元本塁打王ブランコの本音「落合さんクレバー。中畑さんコメディアン」

ブランコは少年たちに野球を教えるビジネスを考えているようだった。この国の野球少年たちの夢はメジャーリーガーになること。彼らはメジャー球団との契約解禁となる16歳まで、元プロ野球選手が運営する私設アカデミーで野球に明け暮れる。

 ちなみに、私設アカデミーのトライアウトに受かれば、一切費用はかからない。アカデミーの運営者は、彼らに思う存分プレーしてもらいたいと、衣食住すべての面倒をみる。やがて、ここからメジャー球団と契約する選手が現れたら、契約金の一部が”育成料”としてアカデミーに入るというシステムだ。

 このビジネスを始めるには莫大な資金が必要だ。なにしろ、最初の契約選手が現れるまで、すべて持ち出しである。

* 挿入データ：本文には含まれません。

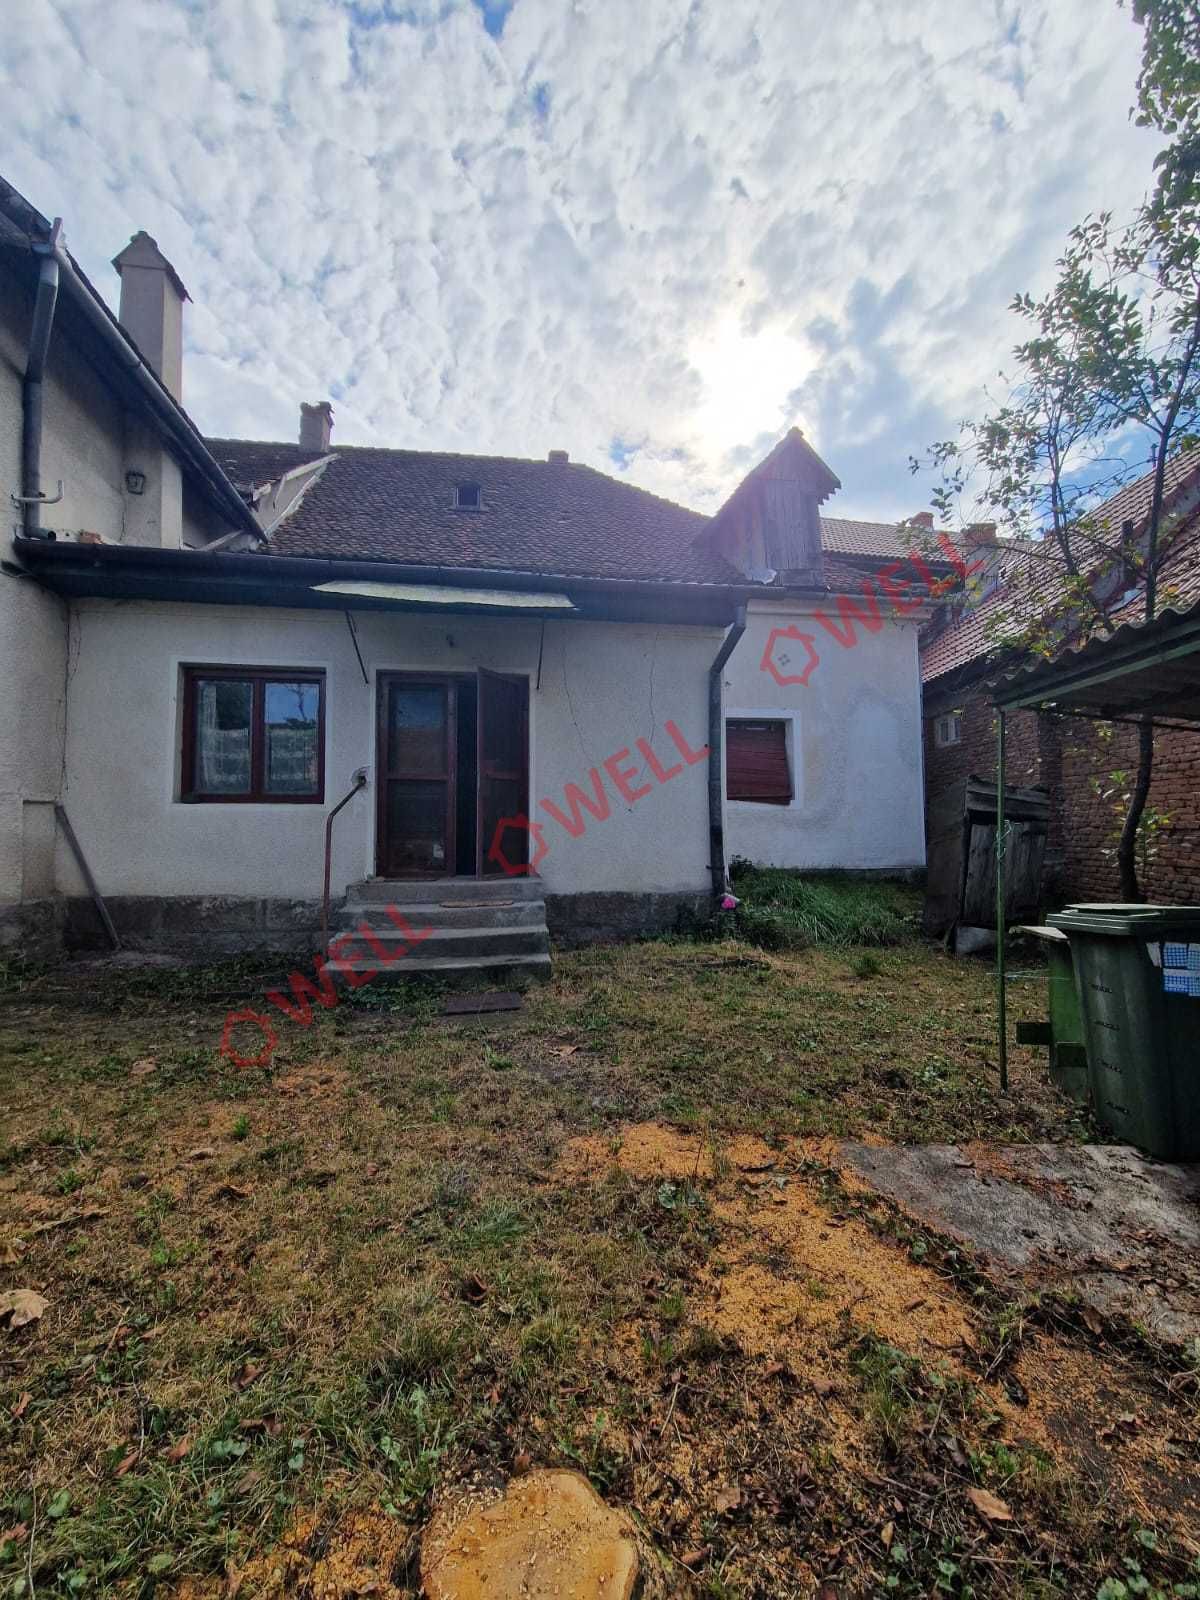 De vânzare casă familială în Tălișoara

 車は繁華街に入り、高級レストランの前で停まった。きらびやかな街並みは、ここがドミニカであることを忘れさせる。ブランコは出迎えたボーイにキーを渡すと、我々をレストランに招き、テラス席のソファーに座った。
「なんでも聞いてくれ」と言うので、まずは日本の野球の印象について聞いた。ブランコは練習量の多さに言及したが、決して否定的ではなく、むしろ「若い頃はあれぐらいの練習量が必要だった」と語った。意外なことだが、日本でプレーした経験のあるドミニカの選手は、日本流のトレーニングを肯定的にとらえている者が多い。